• What the task requires
What you should repeat is the run of lines from the top of the listing below through the line with "Bunny Cable knitting", exactly, with no pictures.

• Given data
======

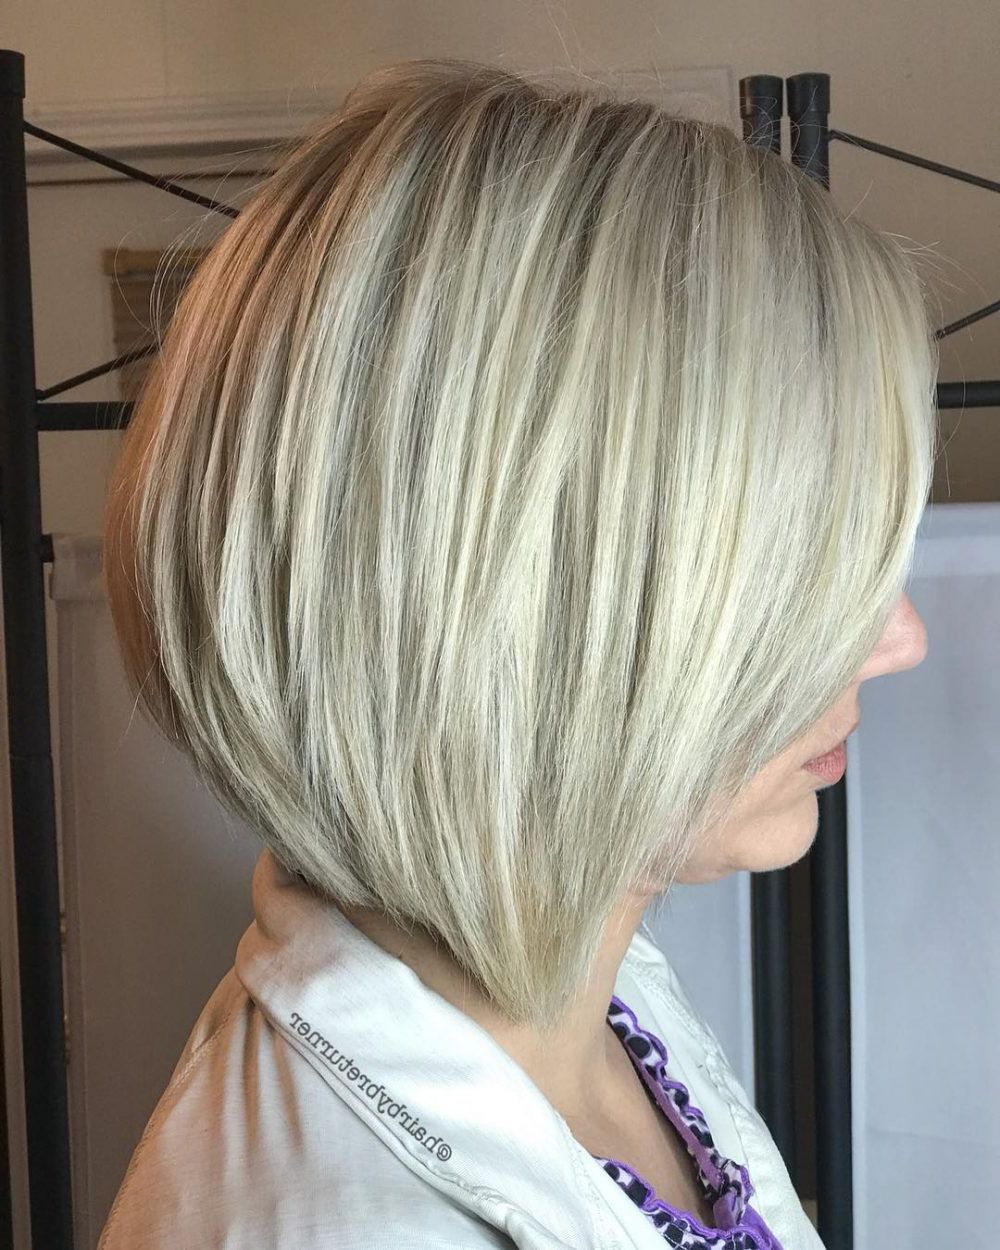 42 Sexiest Short Hairstyles For Women Over 40 In 2018 Pertaining To Short Haircuts Styles For Women Over  (View 6 of 25)
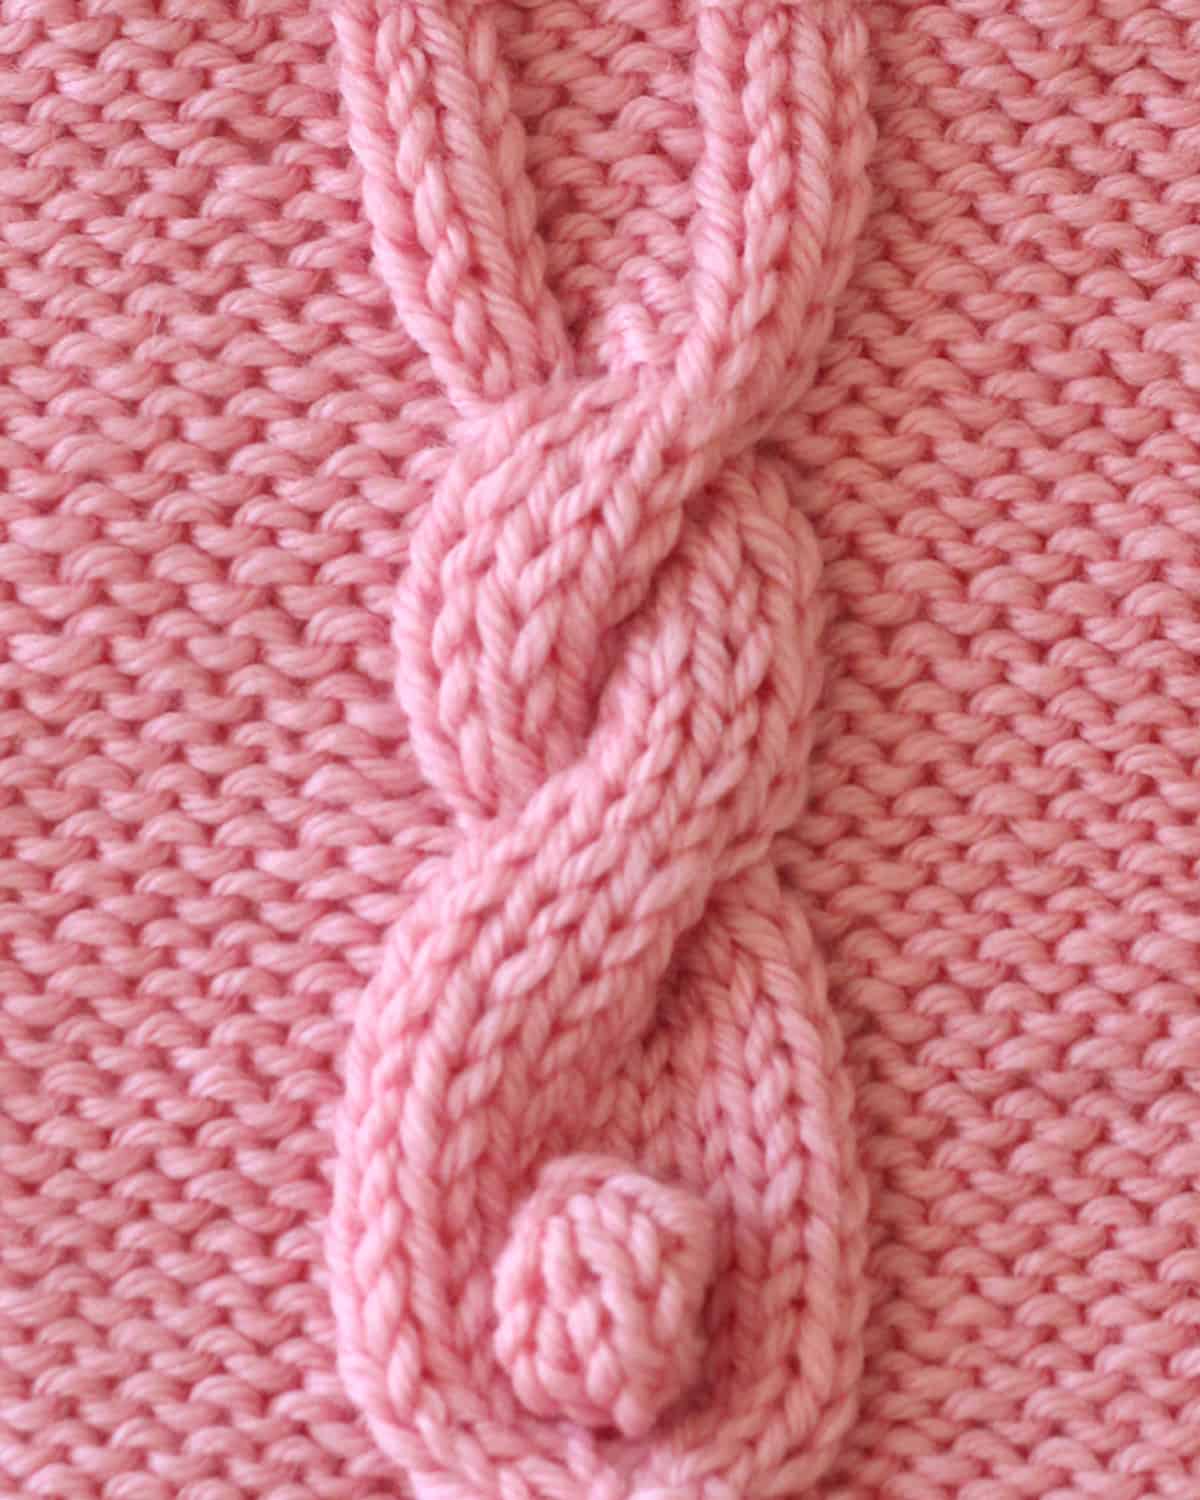 Bunny Cable knitting square in pink yarn color.
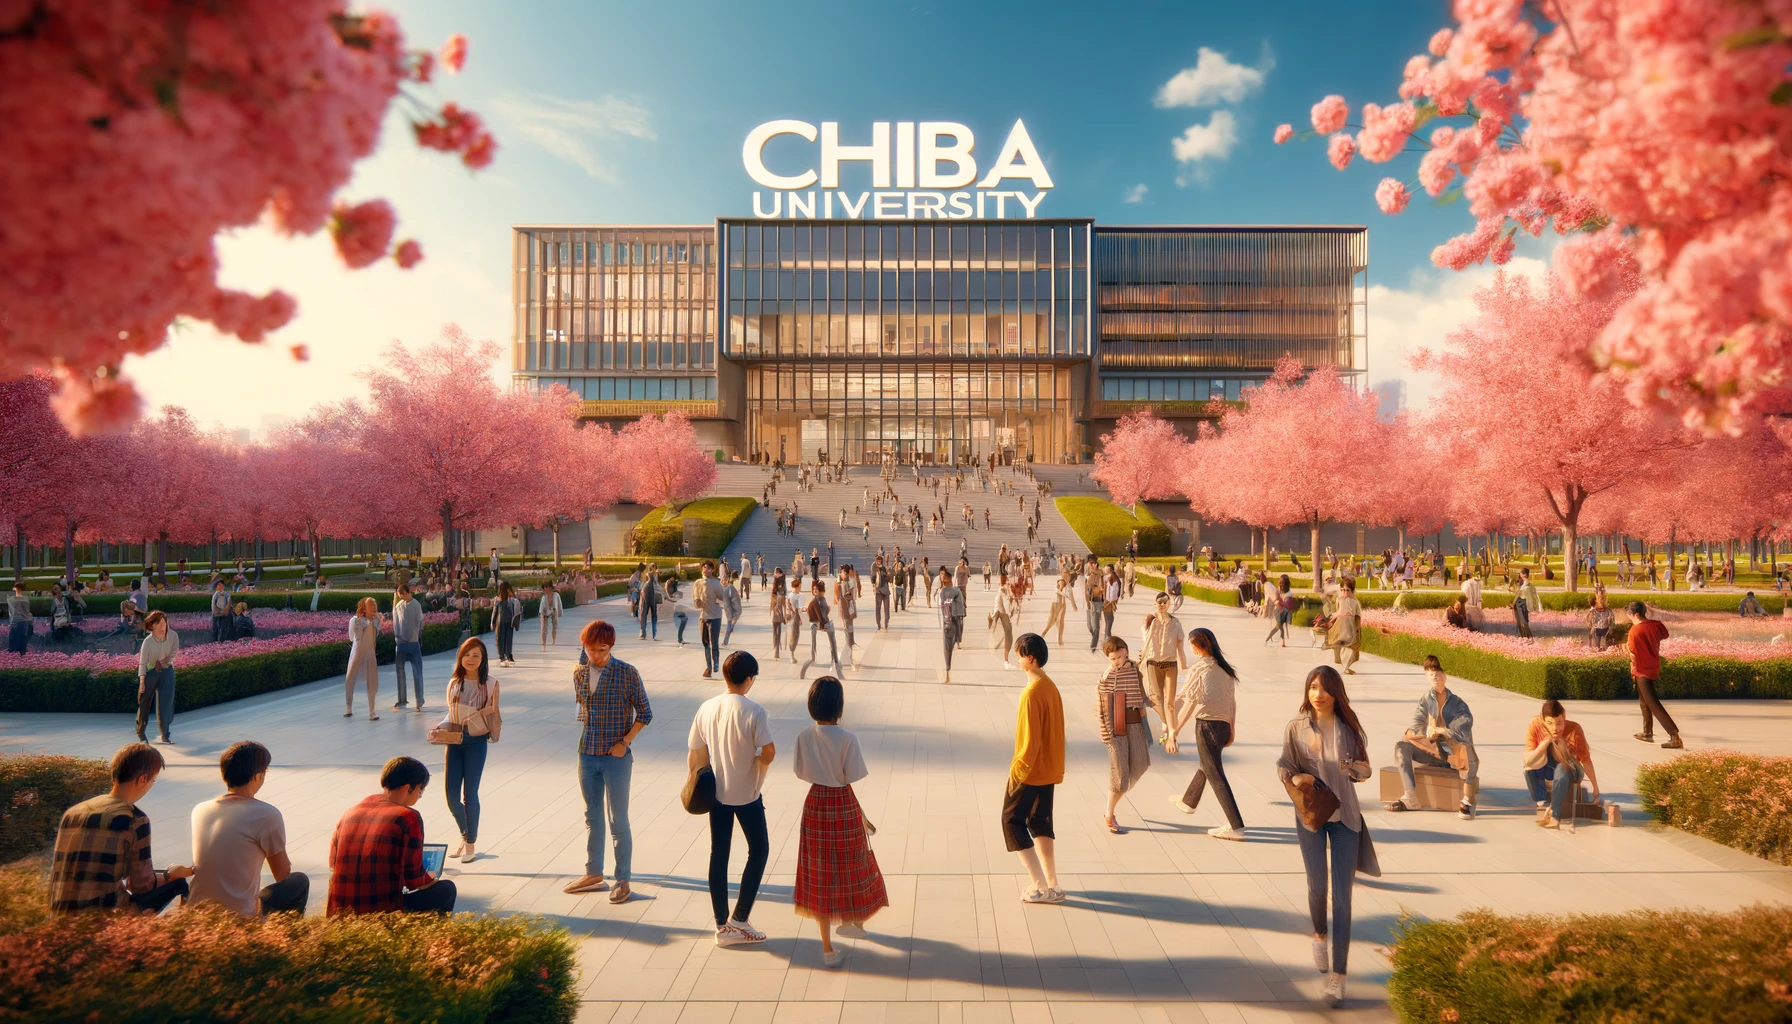 A vibrant university campus scene depicting the popularity of Chiba University in Japan, with the word 'Chiba' prominently displayed in the sky. The image features a large group of diverse students of various Asian descents, casually dressed, walking and chatting among cherry blossoms in full bloom. The university's modern architecture, with sleek glass buildings and landscaped gardens, is visible in the background. The scene is lively, with students engaging in outdoor activities like reading, using laptops, and group discussions, showcasing a bustling academic environment.
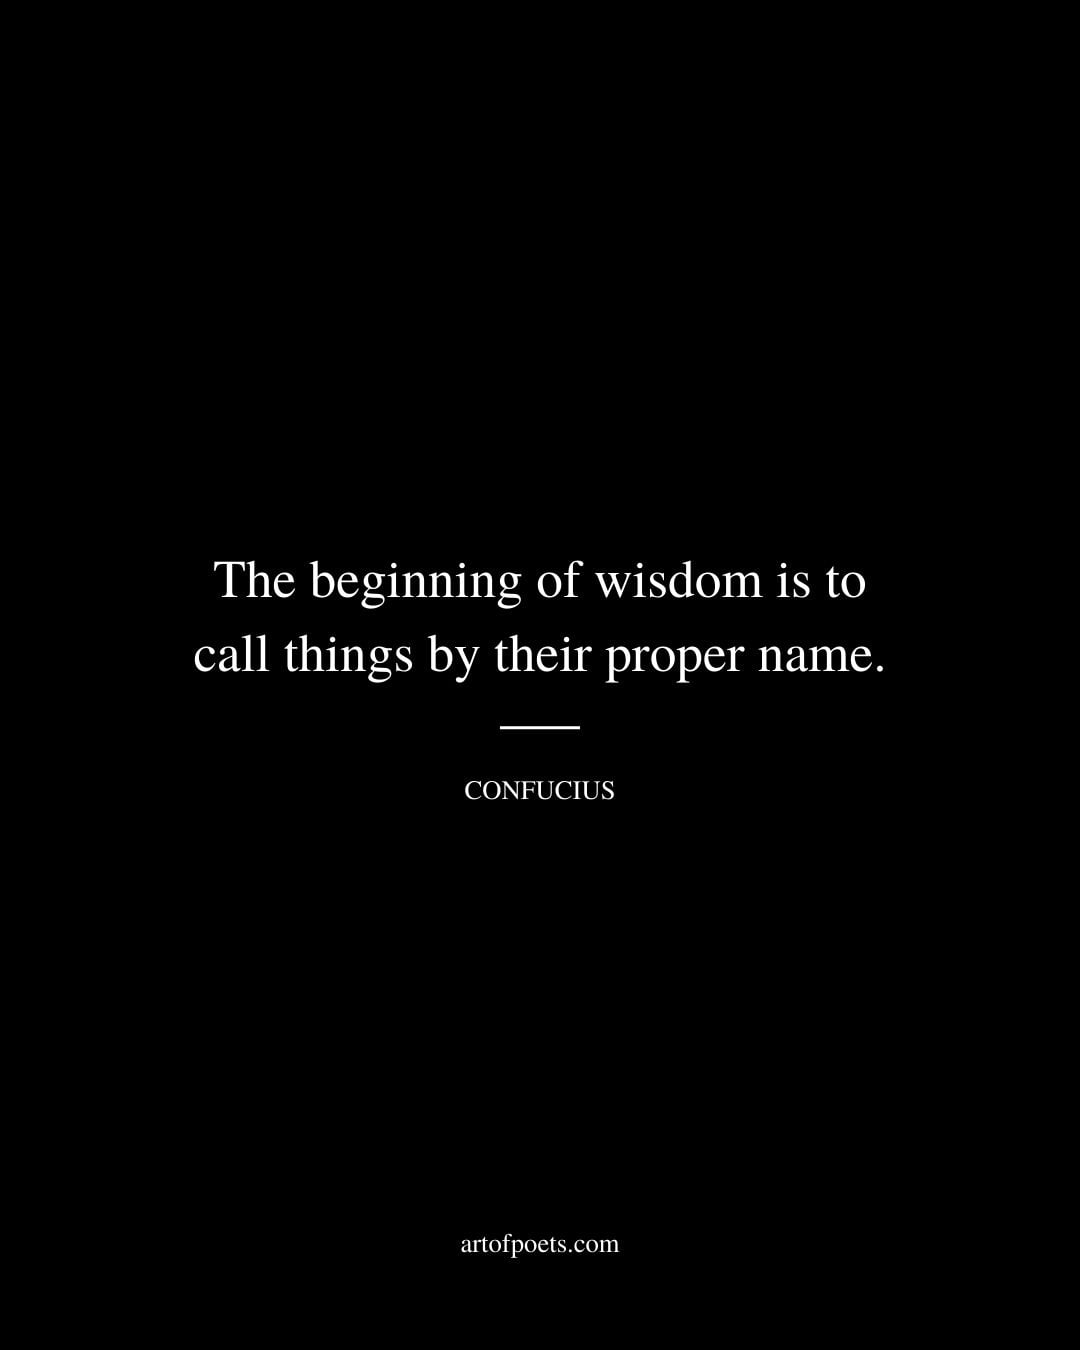 The beginning of wisdom is to call things by their proper name

======

• Answer
 42 Sexiest Short Hairstyles For Women Over 40 In 2018 Pertaining To Short Haircuts Styles For Women Over  (View 6 of 25)
 Bunny Cable knitting square in pink yarn color.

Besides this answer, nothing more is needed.